SEC sues Binance, says it evaded US law with “extensive web of deception”

Nishita Gupta
Nishita Gupta June 8, 2023
Updated 2023/06/08 at 5:53 PM

Binance accuses SEC of overreach

Defendants also include related companies BAM Trading Services and BAM Management US Holdings Inc. The SEC lawsuit has 13 charges alleging violations of the Securities Act and Exchange Act. The complaint is similar to one filed in March against Binance and Zhao by the US Commodity Futures Trading Commission (CFTC). As we previously wrote, the CFTC lawsuit seeks disgorgement, civil monetary penalties, and permanent trading and registration bans.

Binance issued a response to the SEC on Monday. It said there is “zero justification” for the lawsuit, that the SEC is trying “to claim jurisdictional ground from other regulators,” and that “any allegations that user assets on the Binance.US platform have ever been at risk are simply wrong.”

“All user assets on Binance and Binance affiliate platforms, including Binance.US, are safe and secure, and we will vigorously defend against any allegations to the contrary,” Binance said.

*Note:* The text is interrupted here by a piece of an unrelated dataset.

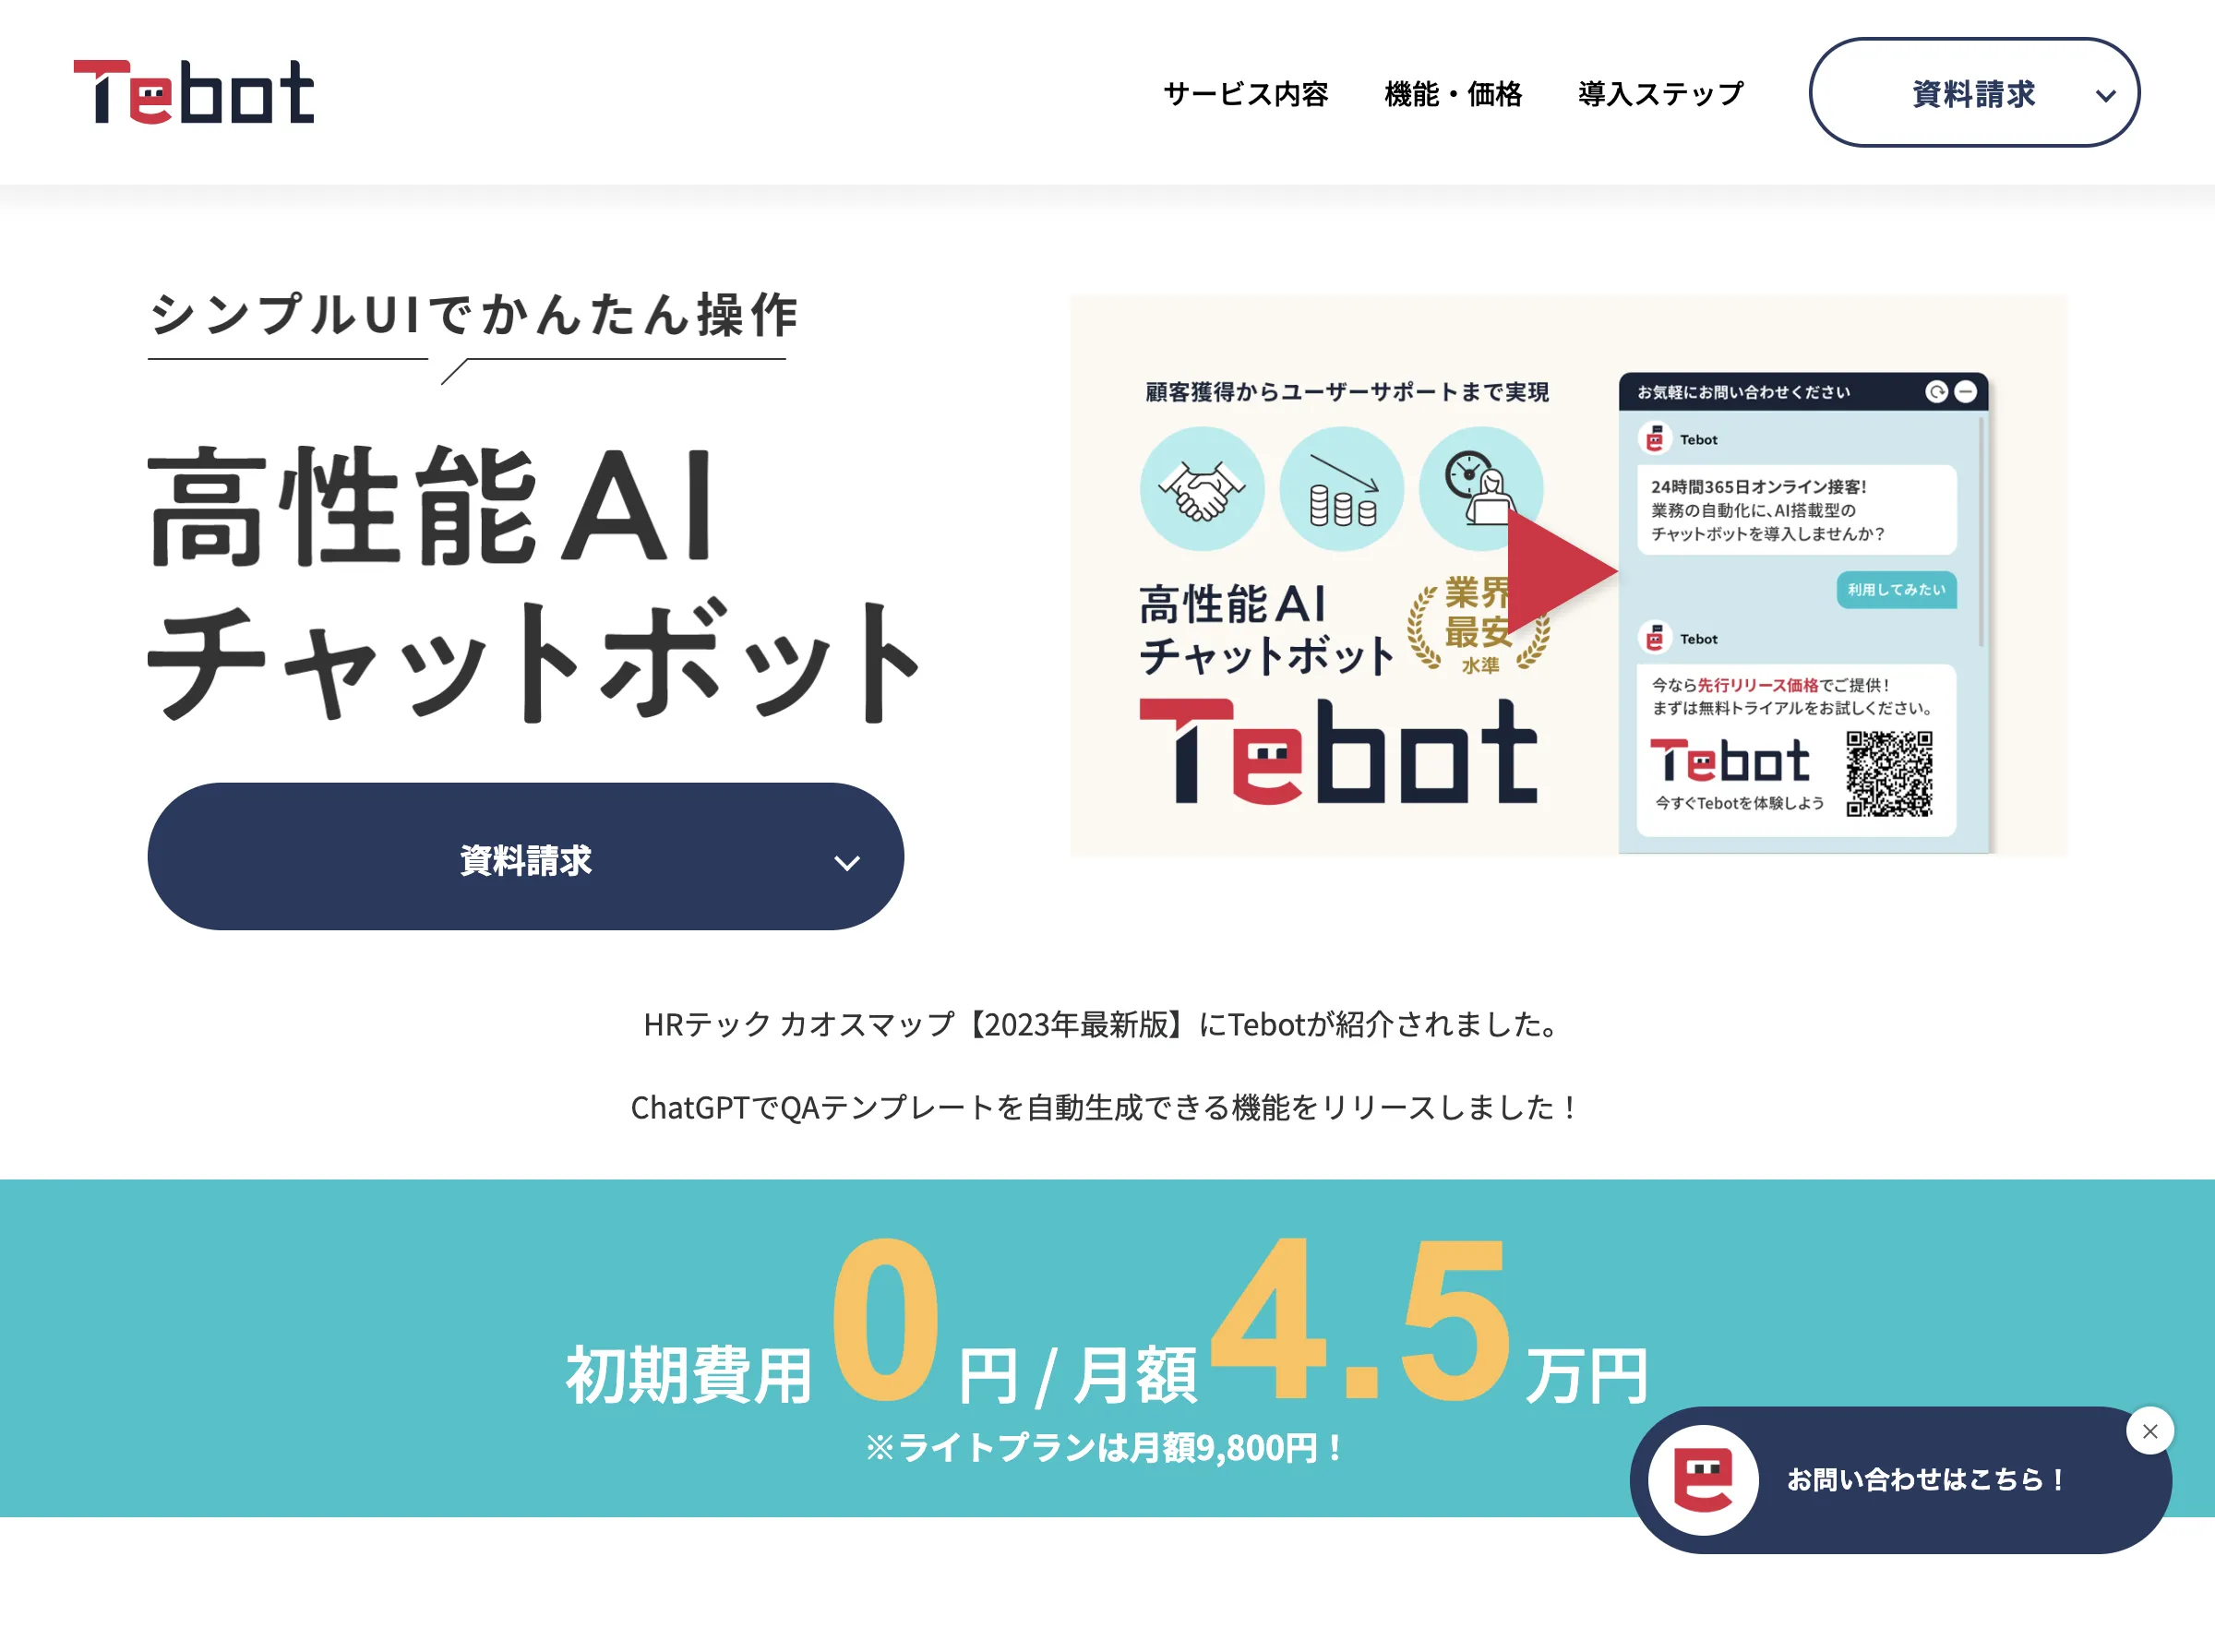 Tebot(株式会社アノテテ)

Binance further accused the SEC of “overreach” and said that “because Binance is not a US exchange, the SEC’s actions are limited in reach.”

Binance is the world’s largest crypto asset trading platform, with a trading volume of $9.58 trillion in 2021, the SEC lawsuit said. Binance is said to have earned at least $11.6 billion in revenue from June 2018 to July 2021, mostly from transaction fees.

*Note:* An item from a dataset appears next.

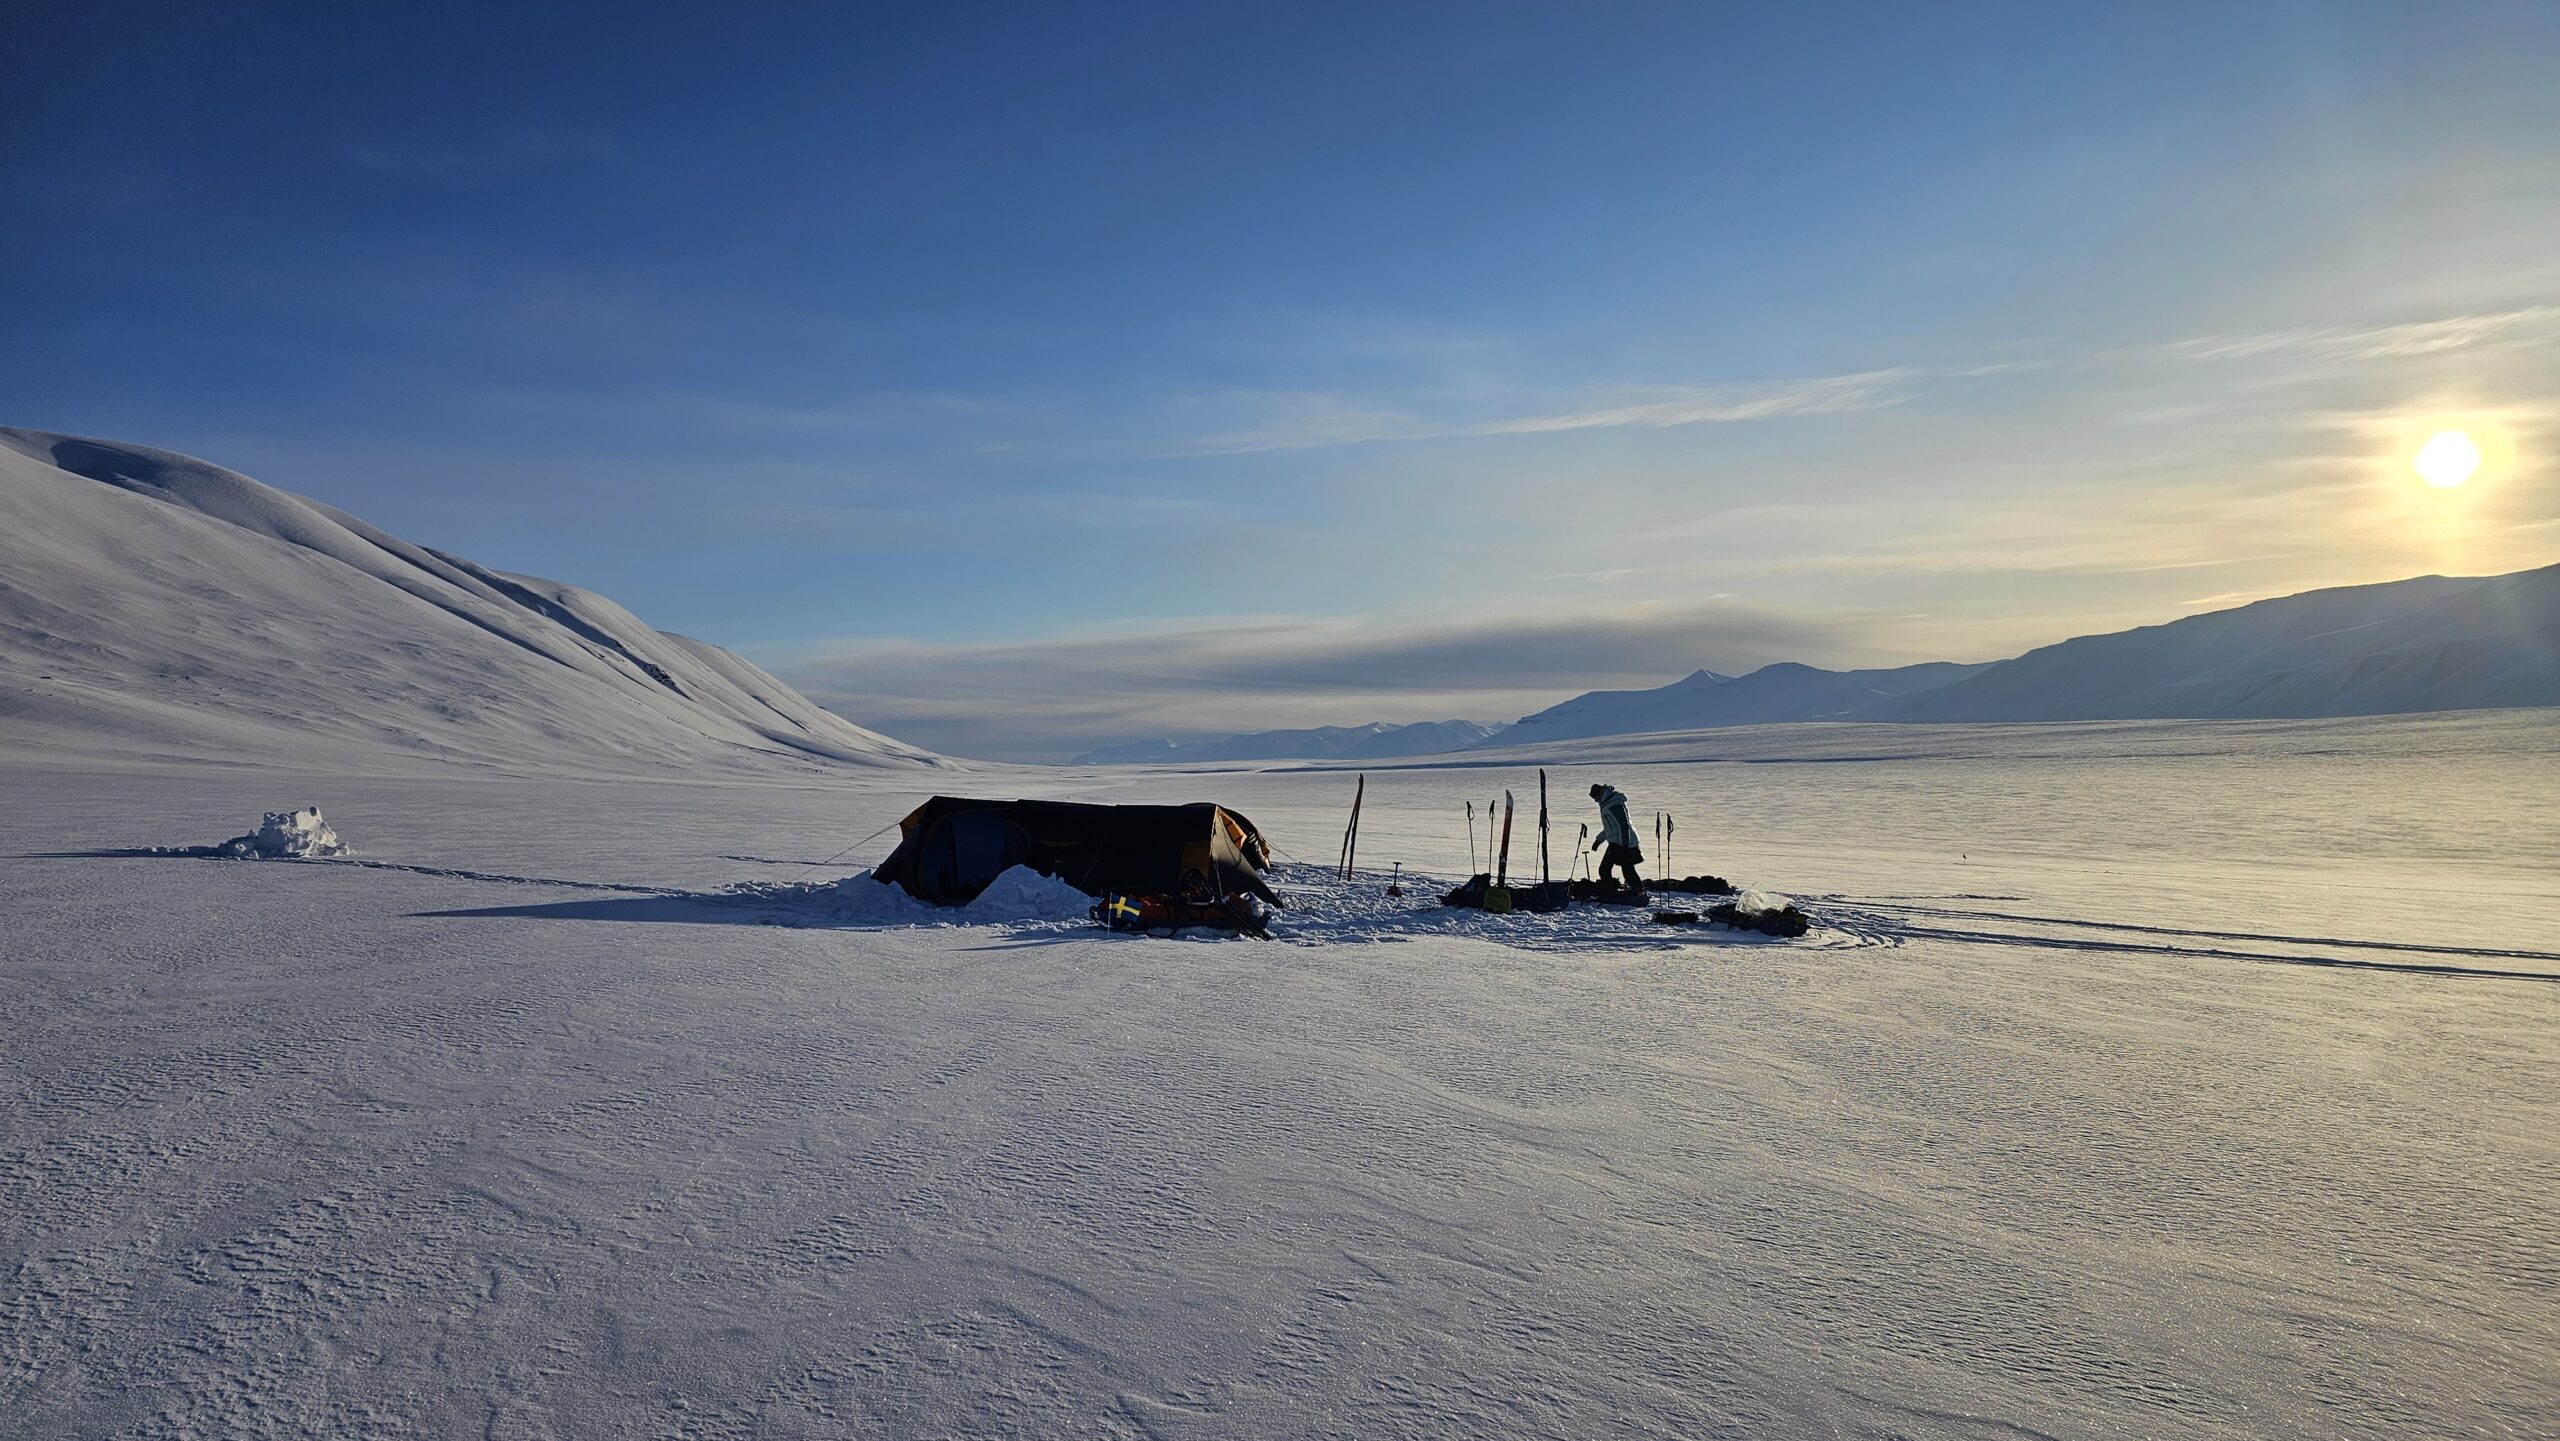 Tent in snowy arctic scene

Binance’s own crypto coin offering, BNB, was down over 10 per cent in trading following today’s SEC lawsuit.

SEC: Binance chose to evade US law

The lawsuit alleged that under Zhao’s control, Binance and affiliated entities “have unlawfully offered three essential securities market functions—exchange, broker-dealer, and clearing agency—on the Binance Platforms without registering with the SEC. Acutely aware that US law requires registration for these functions, Defendants nevertheless chose not to register, so they could evade the critical regulatory oversight designed to protect investors and markets.”

Binance claimed to the public that Binance.com didn’t serve US people “while simultaneously concealing their efforts to ensure that the most valuable US customers continued trading on the platform,” the SEC said, continuing:

When the Binance.US Platform launched in 2019, Binance announced that it was implementing controls to block US customers from the Binance.com Platform. In reality, Binance did the opposite. Zhao directed Binance to assist certain high-value US customers in circumventing those controls and to do so surreptitiously because—as Zhao himself acknowledged—Binance did not want to “be held accountable” for these actions. As the Binance CCO explained, “[o]n the surface we cannot be seen to have US users[,] but in reality, we should get them through other creative means.” Indeed, Zhao’s stated “goal” was “to reduce the losses to ourselves, and at the same time to make the US regulatory authorities not trouble us.”